Audience: Curriculum/district specialists, Teachers, Technology coordinators/facilitators
Skill level: Beginner
Attendee devices: Devices required
Attendee device specification: Laptop: Chromebook, Mac, PC
Participant accounts, software and other materials: None
Topic: Artificial Intelligence
Grade level: 6-8
Subject area: Computer science, STEM/STEAM
ISTE Standards: For Educators:
  • Model and nurture creativity and creative expression to communicate ideas, knowledge or connections.
For Students:
Empowered Learner
  • Students use technology to seek feedback that informs and improves their practice and to demonstrate their learning in a variety of ways.
Knowledge Constructor
  • Students build knowledge by actively exploring real-world issues and problems, developing ideas and theories and pursuing answers and solutions.
Disclosure: The submitter of this session has been supported by a company whose product is being included in the session
Influencer Disclosure: This session includes a presenter that indicated a “material connection” to a brand that includes a personal, family or employment relationship, or a financial relationship. See individual speaker menu for disclosure information.

Proposal summary

Purpose & objective

Participants will be engaged in a full Project Based Learning module to explore concepts in Machine Learning. As learners, the participants will use several image recognition tools and tinker with it to try to deceive Machine Learning algorithms with clever images. While exploring the image recognition tools and by learning about algorithmic bias, participants will start to reflect on their own cognitive labels, classifications and biases. As teachers, the participants will learn to model best practices in exploratory thinking, tinkering, ethical design principles and exposing cognitive biases in a safe and engaging way.

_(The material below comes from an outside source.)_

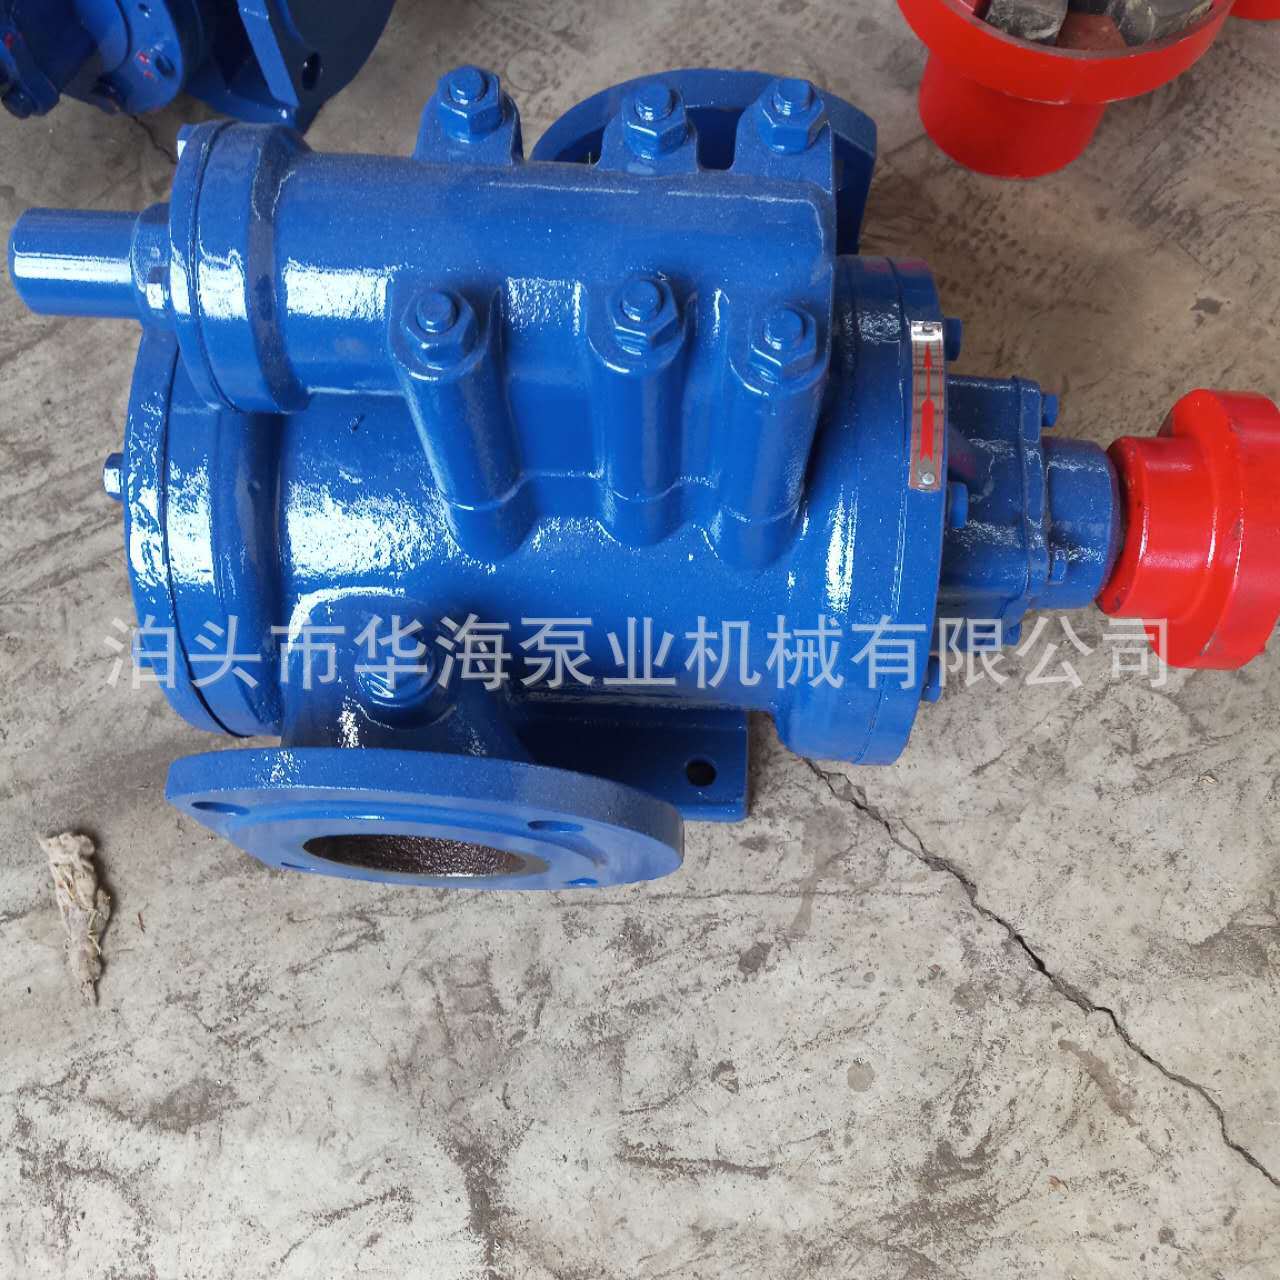 厂家直销高品质3G25*4-46系列螺杆式输送泵 滤油机螺杆泵示例图6

Activity 1: Participants will start by engaging in a physical card sorting activity to sort random objects into labels and classes, mimicking how a Machine Learning algorithm would. Then participants will be given “joker” cards that seem to not fit in the labels or classes, requiring them to re-think their labels and classes.(20 Min)
Activity 2: Participants will then explore a simple image recognition tool that uses a webcam to classify everyday objects. Participants will discuss the accuracy of this tool and learn a bit more about how Machine Learning works by watching a short video. Next, participants will train a Machine Learning model using the same images from the previous card sorting activity and test the model on selected images. Just like in the card sorting activity, participants will try to deceive the algorithm with “joker images”. (20 Min)
Activity 3: Participants will explore a series of cognitive bias cards and discuss with their peers how the biases affect our thinking., This will extend to participants learning how biases affect Machine Learning Algorithms, by watching a short video by MIT Researchers on how some facial recognition algorithms have difficulty detecting facial features of brown skin. Participants will then reflect on how their own visual recognition process may have biases attached by exploring how the group labels certain images. (20 Min)
Activity 4: Taking on the perspective of teachers, participants will then be given samples of AI in Education resources, lessons from the MIT Media Lab, and BSD Education. They will be tasked to rate the Ethicality and Promotion of Diversity that each resource has. Then participants will share and discuss their findings. (20 Min)
Activity 5: Participants will be given time to discuss, reflect, ask questions and share.

Supporting research

MIT Technology Review has documented AI facial recognition bias and the research that the Algorithmic Justice League has done to understand the cause.
The MIT Media Lab has also produced Ethics in AI curriculum for middle school students that will be shared in the session.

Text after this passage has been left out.